Friday, May 10, 2019

What is the Scudo hardened allocator?

I am going to make a small series of posts about the Scudo hardened allocator, starting with some general considerations then getting into technical details.

Scudo is a user-mode allocator which aims at providing additional mitigation against heap based vulnerabilities, while maintaining good performance. It’s open-source, part of LLVM’s compiler-rt project, and external contributions are welcome.

Scudo is currently the default allocator in Fuchsia, is enabled in some components in Android, and is used in some Google production services. While it was initially implemented on top of some of sanitizer_common’s components, it is being rewritten to be standalone, without dependencies to other compiler-rt parts, for easier use (and additional performance and security benefits).

Why another allocator?

The journey started a few years ago while exploring the landscape of usermode allocators on Linux. It is no secret that Google uses tcmalloc, and in all honesty, the internal version is blowing everything else away. By a lot. But as it was noted by my esteemed former-colleagues Sean and Agustin, its resilience to abuse is ... lackluster, to say the least.

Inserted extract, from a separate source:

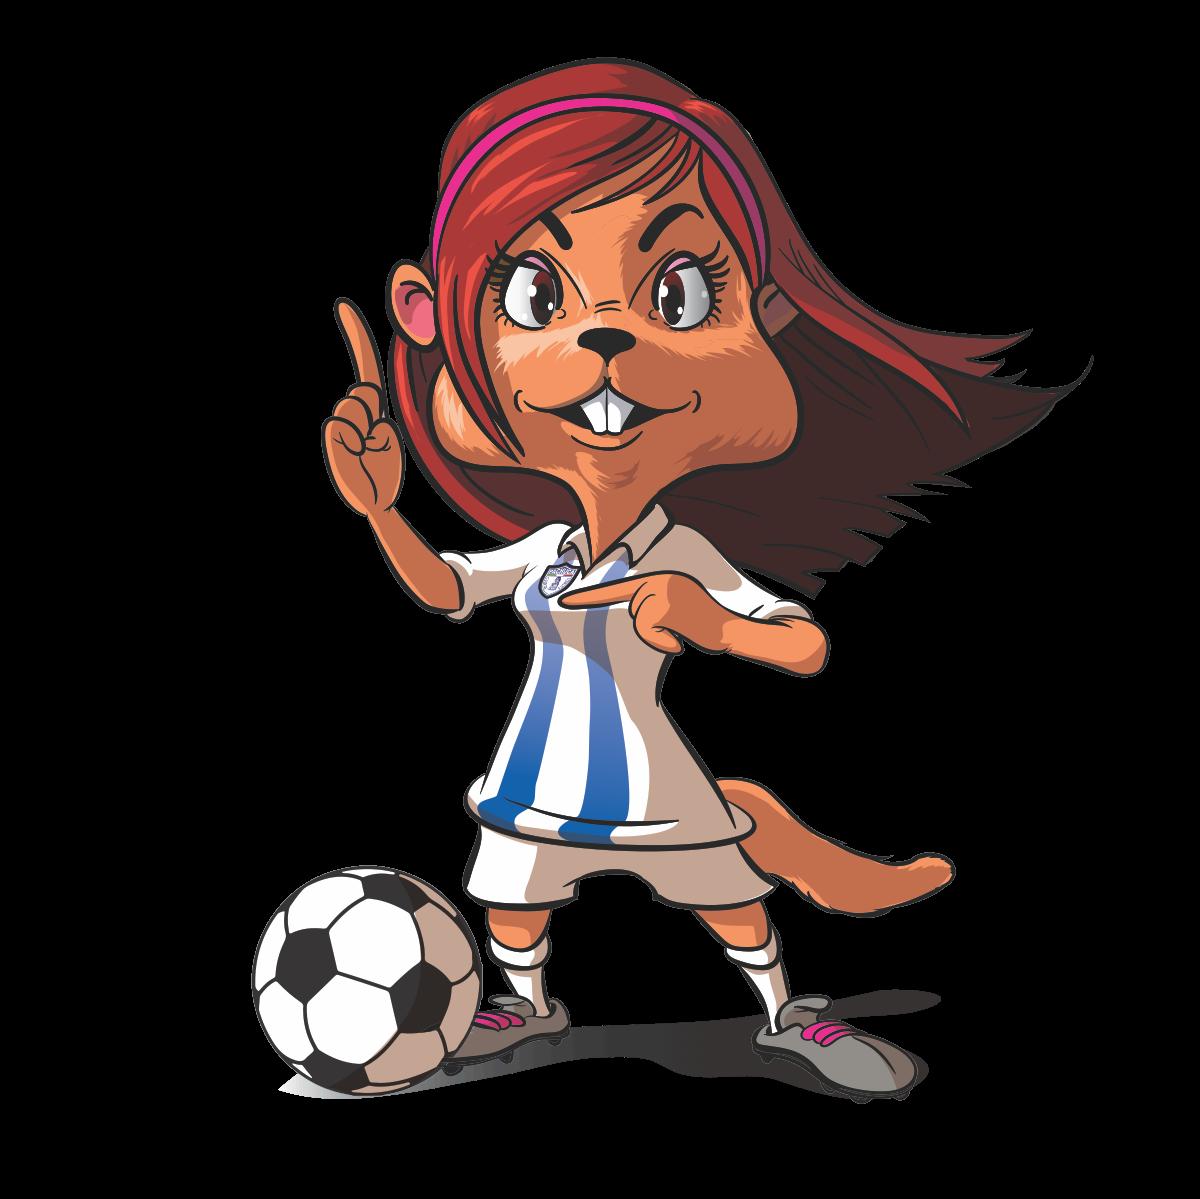 FEMALE MASCOT DESIGN FOR PROFESSIONAL FEMALE FOOTBALL TEAM

To understand our options, let’s have a look at a somewhat typical benchmark for production services at Google, involving a lot of asynchronous threading, protobufs, RPCs and other goodies, all of that running on a 72 core Xeon machine with 512GB of RAM (this is not meant to be the most rigorous of comparison, but give you an idea of what’s up). The first metric is the number of Queries Per Second, the second is the peak RSS of the program (as reported by /usr/bin/time).


Allocator

QPS (higher is better)

Max RSS (lower is better)

tcmalloc (internal)
410K
357MB
356K
1359MB
dlmalloc (glibc)
295K
333MB
142K
710MB
24K
393MB
18K
458MB
FATALERROR**

SIGSEGV***

scudo (standalone)
400K
318MB

* hardened_malloc is mostly targeting Android, and only supports up to 4 arenas currently so the comparison is not as relevant as it strongly impacts concurrency. Increasing that number yields to mmap() failures.
** Guarder only supports up to 128 threads per default, increasing that number results in mmap() failures. Limiting the number of threads is the only way I found to make it work, but then the results are not comparable to the others.
*** I really have no idea how real world payloads ever worked with those two.

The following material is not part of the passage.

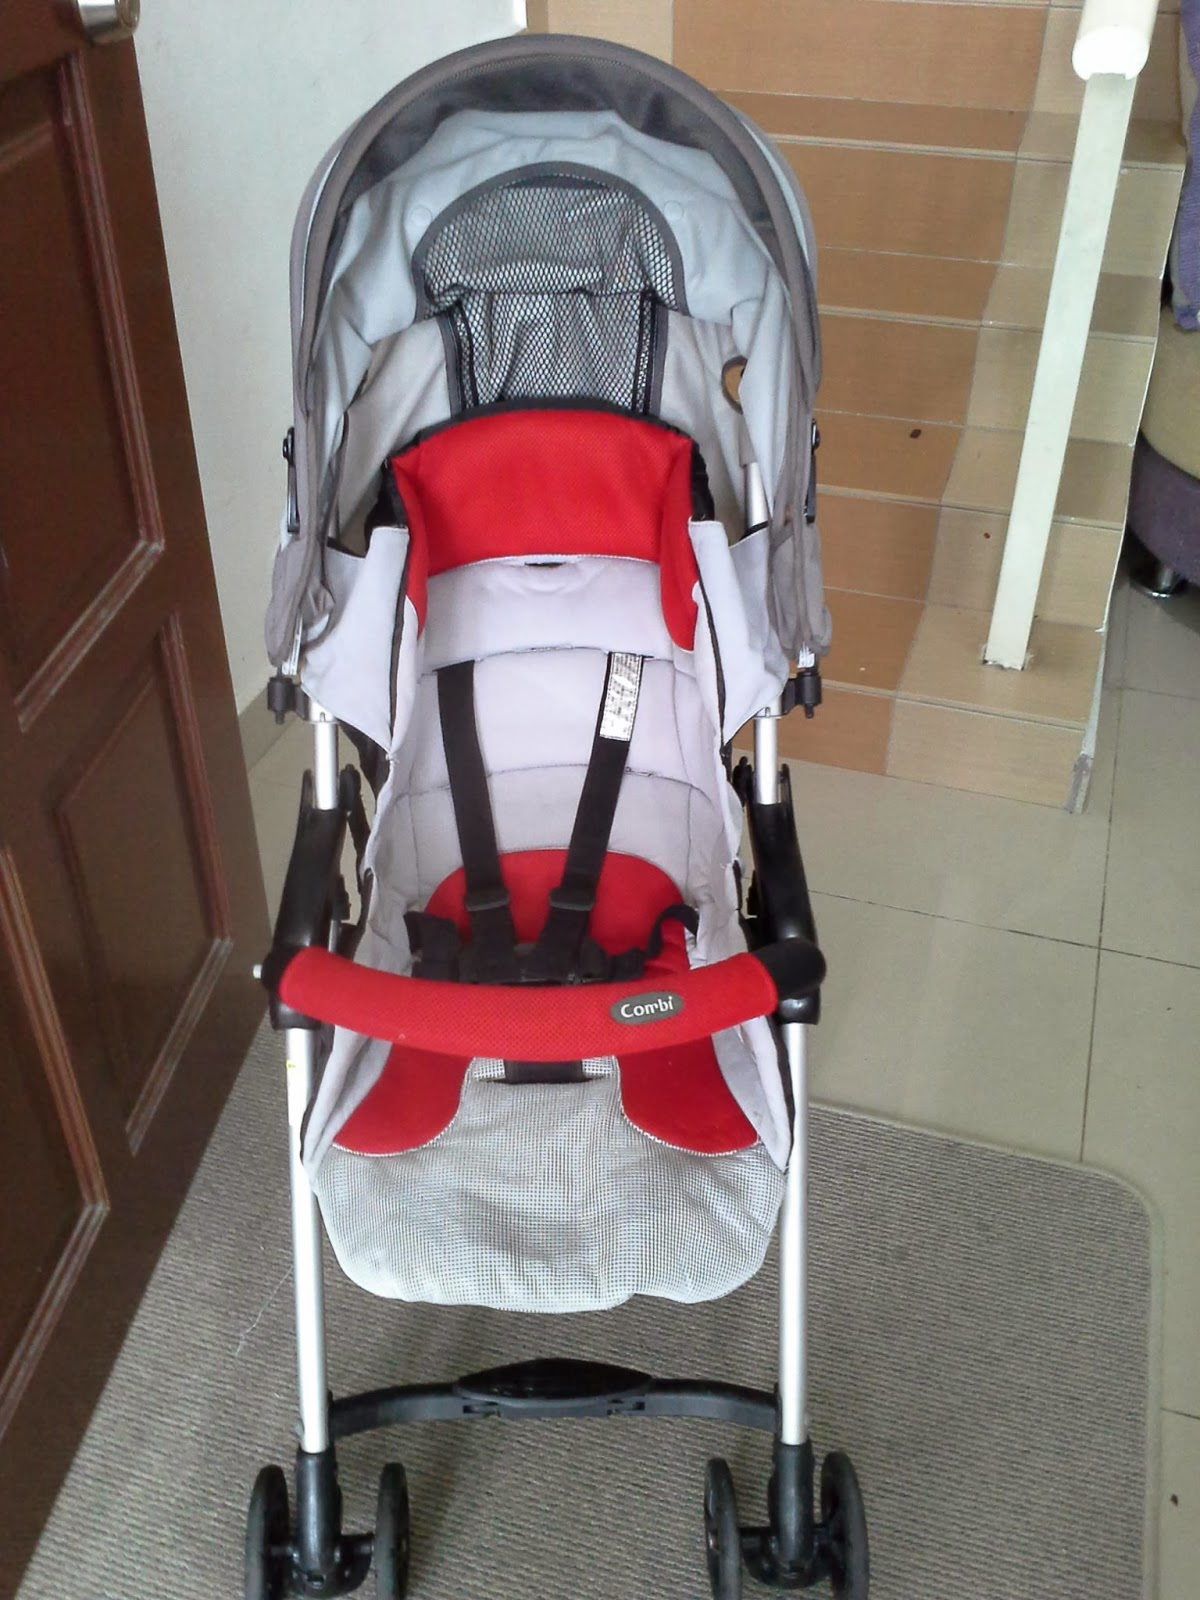 TwinkleBibi: Stroller Combi Cocot Compact

tcmalloc & jemalloc are fast, but not resilient against heap based vulnerabilities. dlmalloc is, well, sometimes more secure than others, but not as fast. The secure allocators are underperforming, when working at all. I am not going to lie, some benchmarks are less favorable to Scudo, some others more, but this one is representative of one of our target use cases.
The idea of Scudo is to fall in the category of “as fast as possible while being resilient against heap based bugs”. Scudo is not the most secure allocator, but it will (hopefully) make exploitation harder, with a variety of configurable options that allow for increased security (but that comes with a cost in performance and memory footprint, like the Quarantine). It is also meant to be a good working ground for future mitigation (such a memory tagging, or GWP-ASan).

Origins

While various options for improving existing allocators were considered, a meeting with Kostya Serebryany‎ lead to the plan of record: building upon the existing sanitizer_common allocator to create a usermode allocator that would be part of LLVM’s compiler-rt project.

The original sanitizer allocator, which is used as a base for the ones of ASan, TSan, LSan, was originally written by Kostya and Dmitry Vyukov‎, and featured some pretty neat tricks that made it fast, and extensible.

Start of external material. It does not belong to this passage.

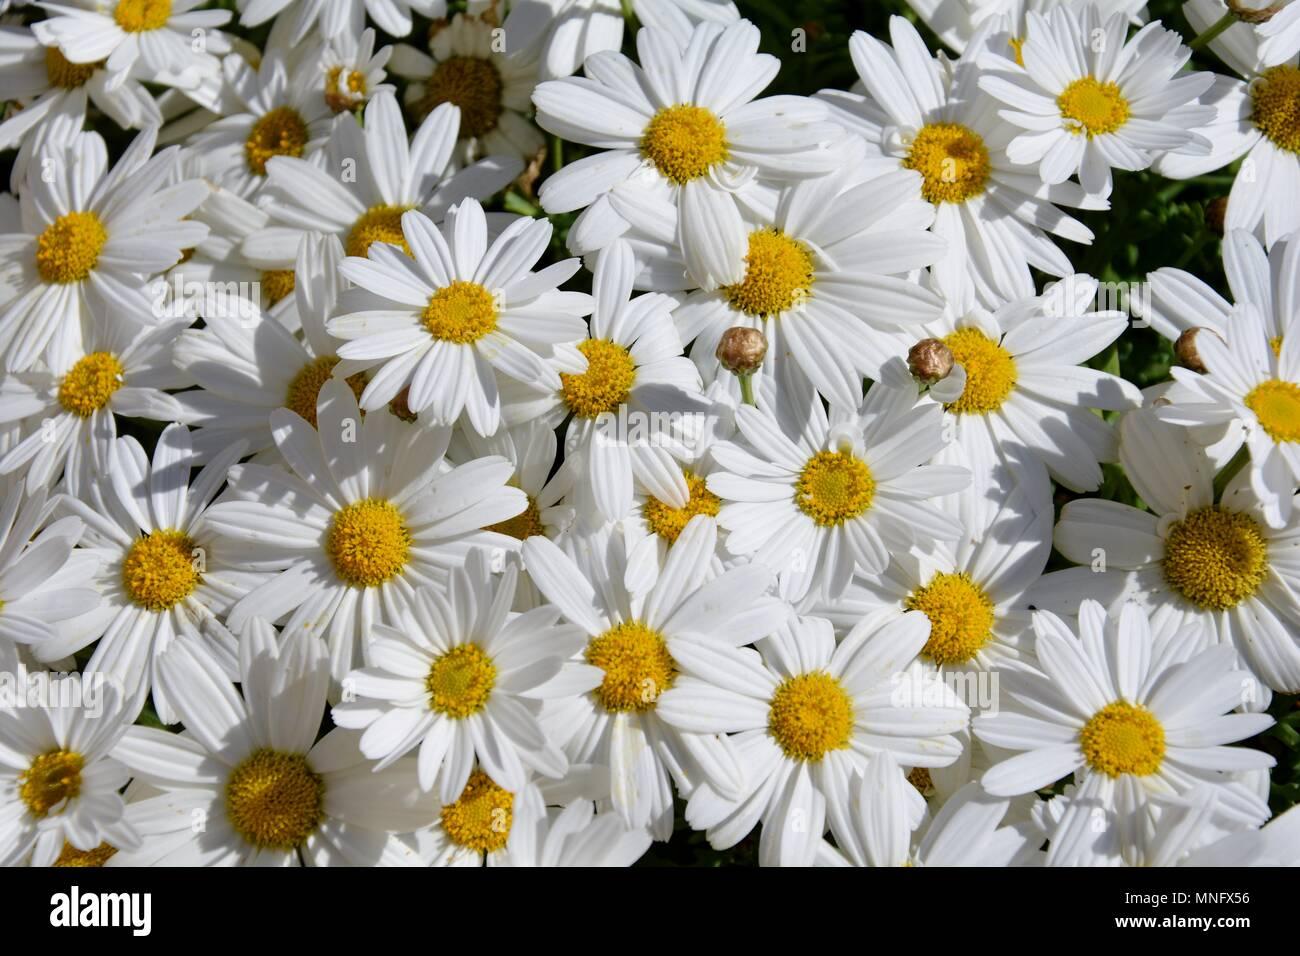 Field of daisies field flower flowers daisy daisies white field of daisies field flower flowers daisy daisies white yellow petals petal nature plant izmirmasajfo

A decent amount of things had to be changed (things were allocated from a fixed base address, in a predictable fashion, overall memory consumption was on higher side, etc). The original version targeted Linux only, and then support came for other Google platforms, Android first, and then Fuchsia.

Aleksey Shlyapnikov did some work to make Scudo work on Solaris with SPARC ADI for some memory tagging research, but that work was never upstreamed. I will probably revisit that at some point. As for other platforms, they will be up to the community.

Fuchsia decided to adopt Scudo as their default libc allocator, which required rewriting the code to remove dependencies to sanitizer_common - and we are reaching the final stages of the upstreaming process.